Rather Me than You
A busy week ended on Easter Sunday with a lunch invitation from friends. Our opinion was sought on one of my favourite pastimes, wine selection. We were charged with the serious responsibility of choosing a suitable wine for the wedding reception of their eldest daughter, later in the year. After sampling four of the region’s finest, Val da Lenda emerged as the clear favourite. Given its young age, it is remarkably smooth, mellow and sophisticated. Come August, those wedding guests are in for a real treat.
The week had started on a high note: literally. Visiting friends from California invited us to a music concert at the Auditorio Muncipal in the town of Quiroga. Star of the show was Maria do Ceo, a Fado singer from Portugal, who now resides in Galicia. As the date approached our apprehension grew. Friends had greeted our announcement with curious facial expressions. The type of expression that says, “rather you than me”.
A sparsely attended concert hall did nothing to allay our fears. Portuguese Fado music has a reputation for being mournful and dower; nothing could have been further from the truth. Two musicians took to the stage. The auditorium fell silent as the lights dimmed. Moments later Maria glided in, wearing a black, satin evening dress with a long, dark shawl draped over her shoulders.
The musicians began to play: a Portuguese guitarist accompanied by a traditional classical guitar. Lively melodies filled the theatre and then Maria began to sing. Perfect pitch and passionate tones, each ballad told a story of life gained or love lost. The performance was flawless, far exceeding our expectations. Fado is one genre we’ll be looking out for in the future and Maria do Ceo in particular.
It hardly came as a surprise that the glorious weather came to an abrupt end the moment the Easter holidays began. But we had no intention of letting a little rain spoil our weekend.
Saturday saw the start of the two day Medieval Festival in Monforte de Lemos. Reading through the packed schedule, we decided to time our visit to coincide with the parade of contestants dressed in medieval costume and street entertainment of jesters, minstrels, and knights.

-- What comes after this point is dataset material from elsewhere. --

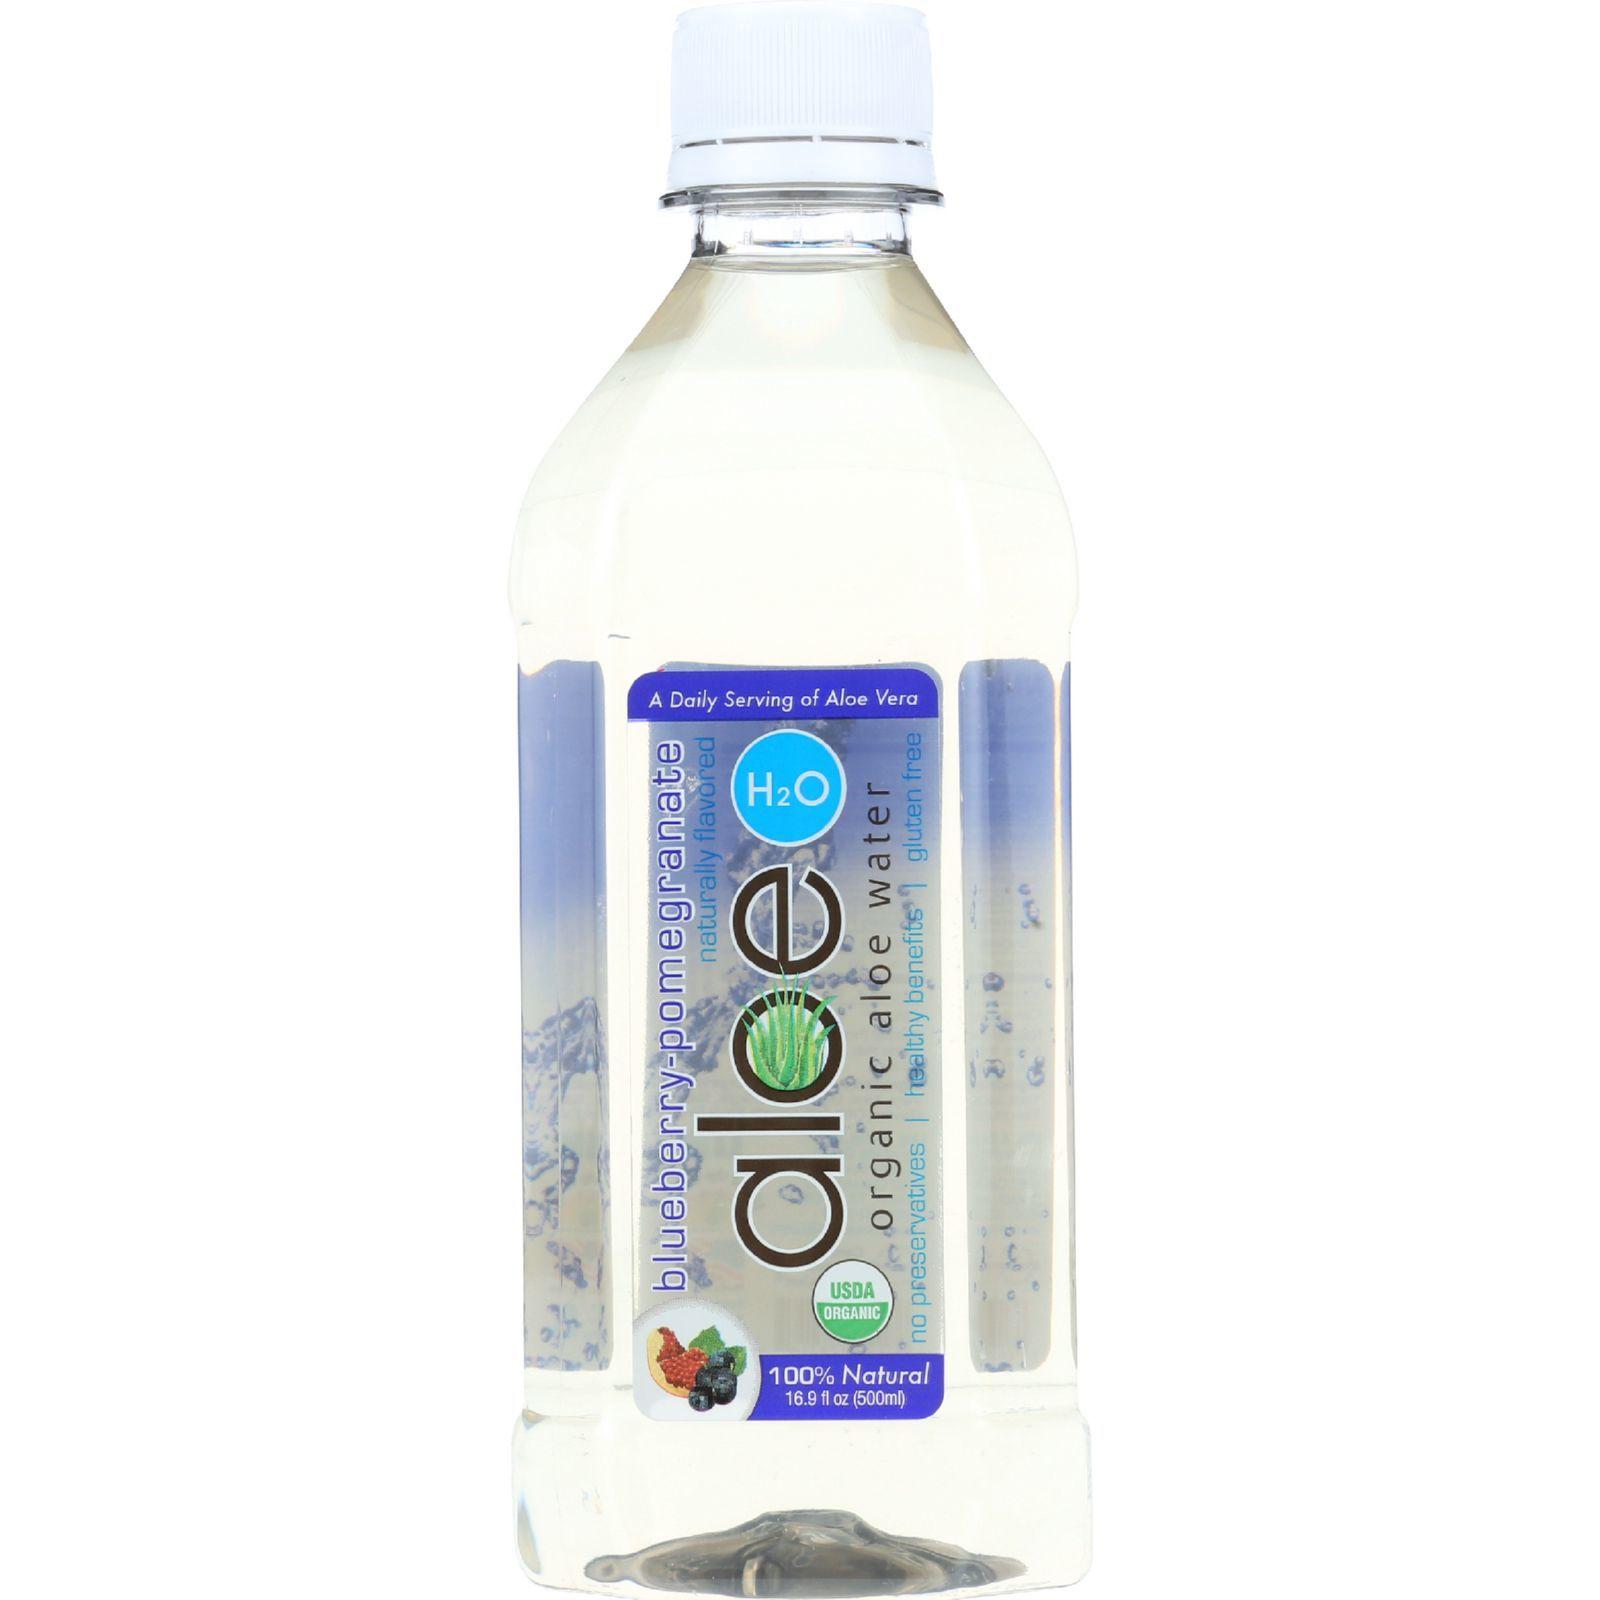 Lily Of The Desert Aloe H2O - Organic - Blueberry-Pomegranate - Gluten Free - 16.9 oz - case of 12

With usual gusto the local town’s folk, along with many holiday week visitors, immersed themselves in the occasion. Hundreds of people wandered around the streets dressed in all manor of medieval costumes: from kings and queens to blacksmiths and milkmaids. Participants in the costume contest climbed the stone steps in Plaza España, paid homage to the king and queen while the massed crowd applauded their efforts.
Afterwards we made our way up the narrow lanes heading towards the castle. Medieval themed market stalls lined the route and the sound of Galician bagpipes (gaitas) drifted through the crowd. On our return to the square, a large crowd had gathered around a group of street entertainers.
Two, twelve foot tall jesters danced on stilts urging onlookers to follow their motley crew through the streets of Monforte. Supporting their flamboyant act were a band of noisy drummers and a group of excited dancers, escorted around the town by a troop of medieval soldiers.